◆ Problem to solve
Output the listing below verbatim, without images.
━━━ Stored data ━━━
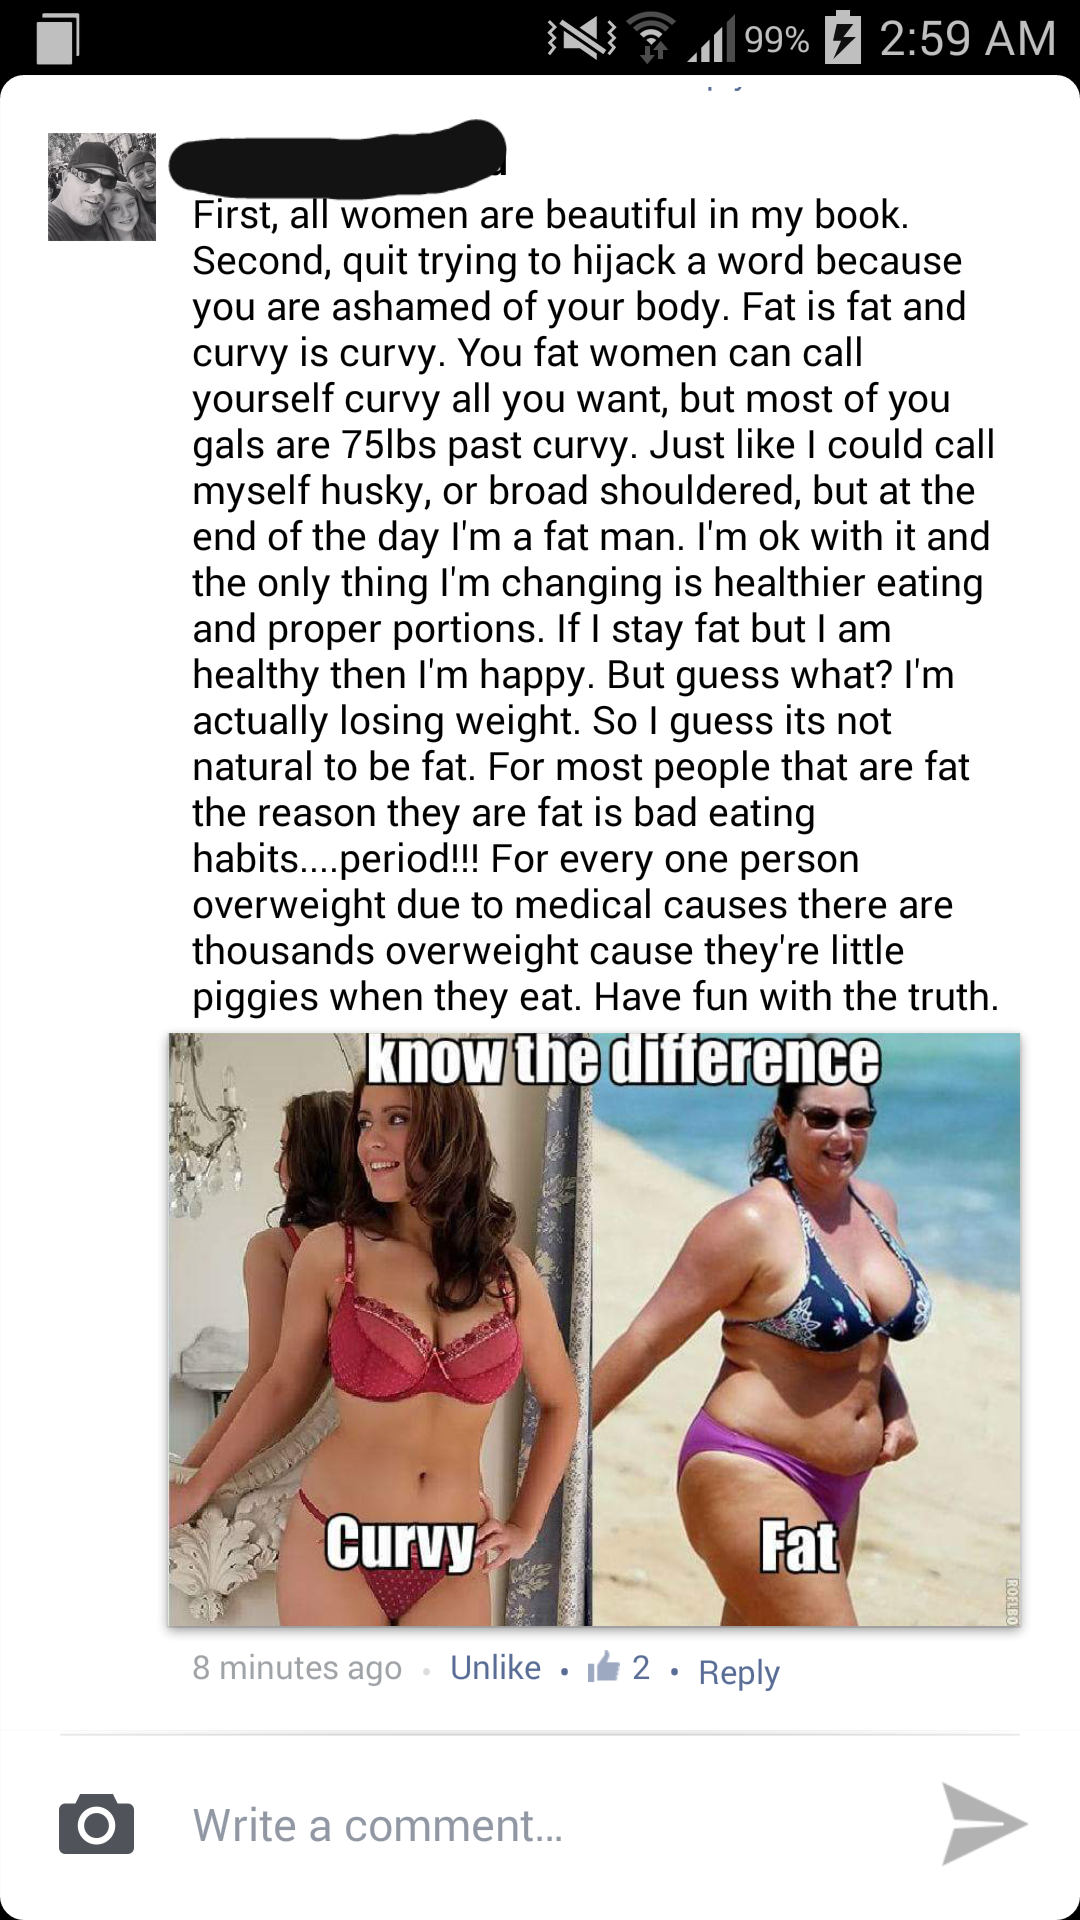 not fat but curvy - N 99% First, all women are beautiful in my book. Second, quit trying to hijack a word because you are ashamed of your body. Fat is fat and curvy is curvy. You fat women can call yourself curvy all you want, but most of you gals are 75l
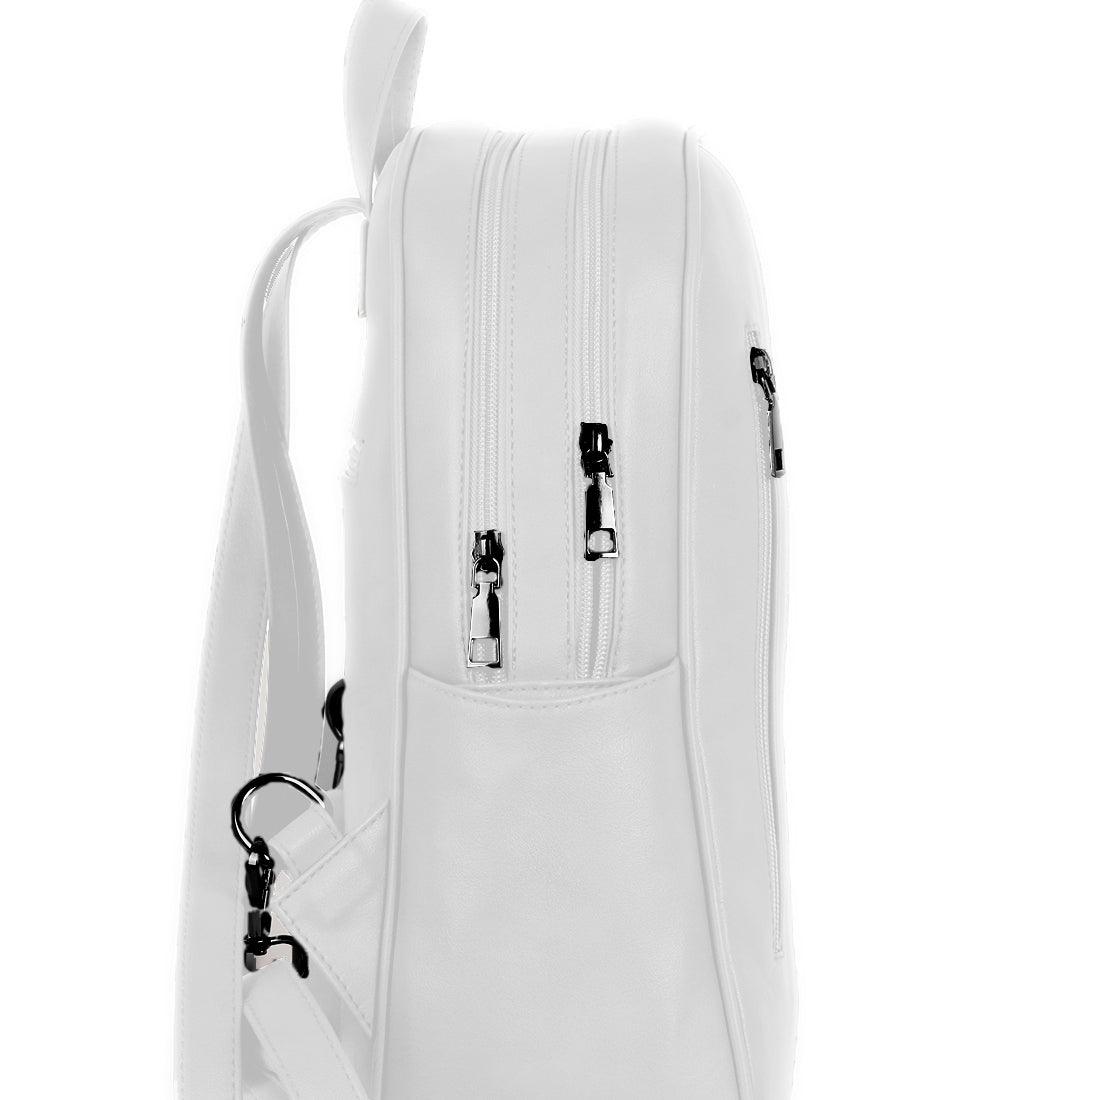 White Mixed Backpack African Spotted - CANVAEGYPT
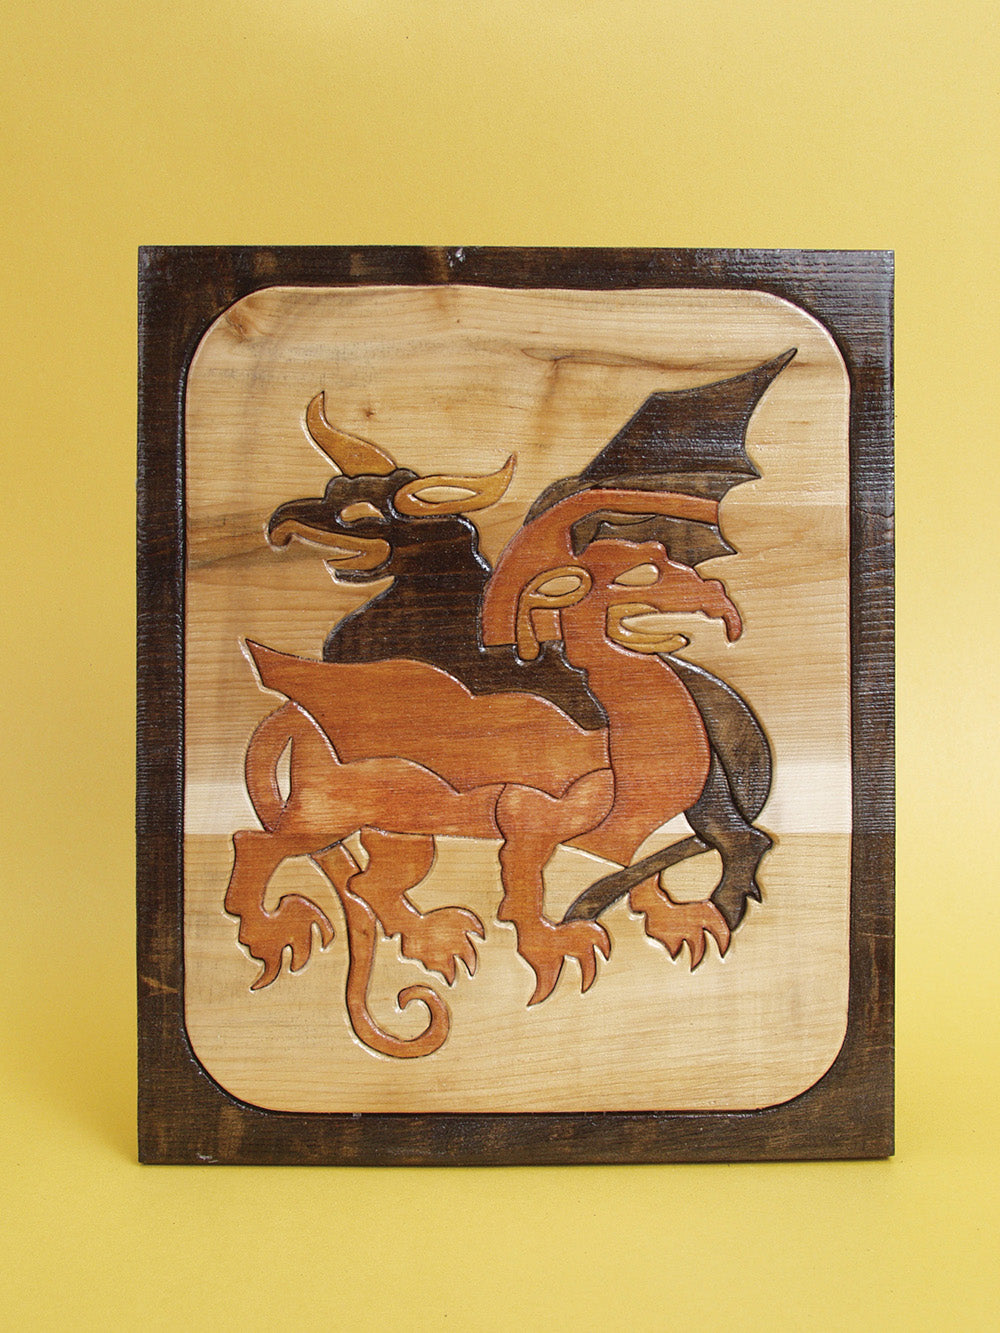 Fantasy & Medieval Mosaics for the Scroll Saw
━━━
◆ Result of the exercise
 not fat but curvy - N 99% First, all women are beautiful in my book. Second, quit trying to hijack a word because you are ashamed of your body. Fat is fat and curvy is curvy. You fat women can call yourself curvy all you want, but most of you gals are 75l
 White Mixed Backpack African Spotted - CANVAEGYPT
 Fantasy & Medieval Mosaics for the Scroll Saw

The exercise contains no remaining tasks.